In più luoghi della raccolta, si fa un uso metasemantico del richiamo lessicale in giochi linguistici fondati sulla reiterazione e modificazione successiva del radicale di turno (es. “la coassiale coalescenza del koala”, “la fallacia falotica del fallo. il fallimento”), che avanzando in terra vergine, discioglie la sostanza raggrumata della dicibilità in fuga. Altre volte, la politropia del dettato si manifesta attraverso parole tratte dal linguaggio comune o da quello popolare: “zandraglia”, ad esempio, è il termine napoletano per “donne rumorose”, come l’autrice tiene a precisare nelle note di chiusura; luogo dove Amarelli ci avverte, peraltro, che “i testi qui raccolti esplorano forme, non tanto letterarie quanto topologiche: le strutture necessitate che sostanziano la nostra esperienza di “realtà”. Si tratta di una realtà trattata con il setaccio linguistico e formale della scomposizione/ricomposizione assoluta, che indulge spesso nell’associazionismo patente, nella fluidificazione enunciativa, nella rinuncia all’immediata, facile individuazione di atti constativi e referenti, laddove l’atto locutorio, con Austin, non ha luogo che nel continuo spostamento dell’enunciato nel campo suadente dell’atto illocutorio, ovvero nell’interpretazione (non sul piano intellettuale-teoretico, bensì su quello estetico, sensoriale-espressivo) del dettato stesso, fino ad aprire panorami di libertà metacategoriale nel perlocutorio vero e proprio, voluto e generato dal discorso stesso, atto in cui si compie l’identificazione e la coincidenza tra intenzione comunicativa ed effetto.

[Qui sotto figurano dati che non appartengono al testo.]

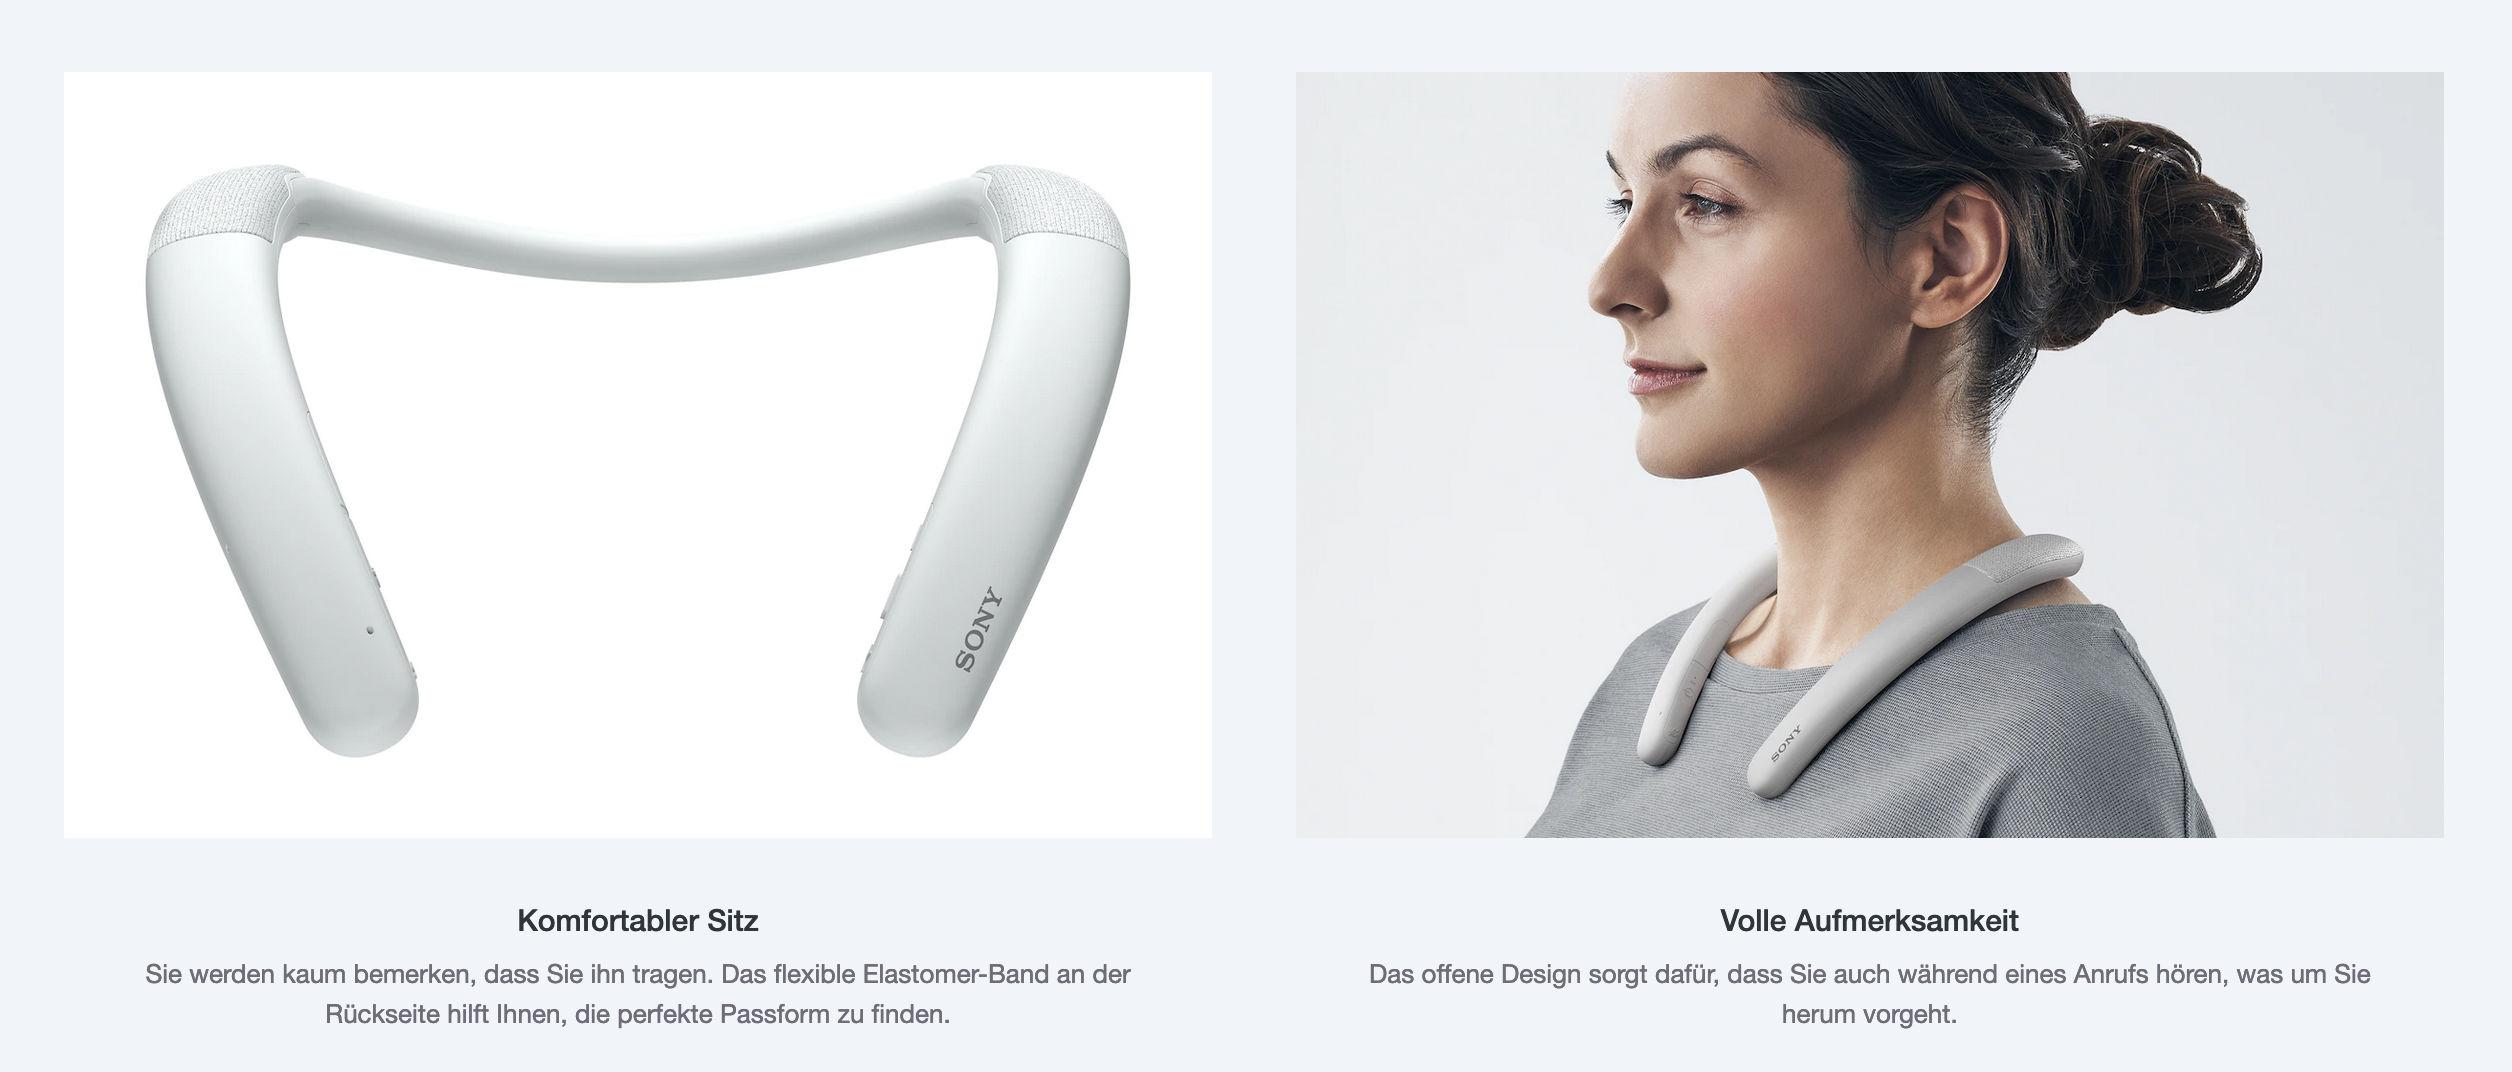 Sony Bluetooth Nackenbügel-Lautsprecher SRS-NB10

La ricerca scrittoria di Viola Amarelli raggiunge pertanto in questo libro un punto di condensazione della propria poetica che lascia trasparire un lavoro di cesello costante e preciso, un’empiria del verso che ama discendere nei luoghi inferni del sottotesto, ambienti aperti al travalicamento dell’asfissia a cui sono sottoposte le parole del nostro linguaggio quando il loro destino permane nell’uso del messaggio referenziale e non se ne osa, poeticamente, l’abuso consapevole che ne violenti entusiasticamente il trito e opprimente carico di significanza letterale.

 

 

Viola Amarelli, campana, ha pubblicato, tra l’altro,  “Notizie dalla Pizia” (2009, Lietocolle), “Le nudecrudecose e altre faccende” (2011, L’arcolaio), i racconti di “Cartografie” (2013, Zona), le poesie di “L’ambasciatrice” (2015, autoprodotto), le prose in prosa di “Singoli plurali “(2016, Terra d’ulivi), le raccolte “Il cadavere felice” (2017, Sartoria Utopia), “L’indifferenziata” (2020 Seri Editore) e, in veste di co-autrice,“La deriva del continente” (2014, Transeuropa) e “La disarmata”(2014, CFR). È presente in numerose antologie, riviste cartacee e on line, è stata tradotta in Germania.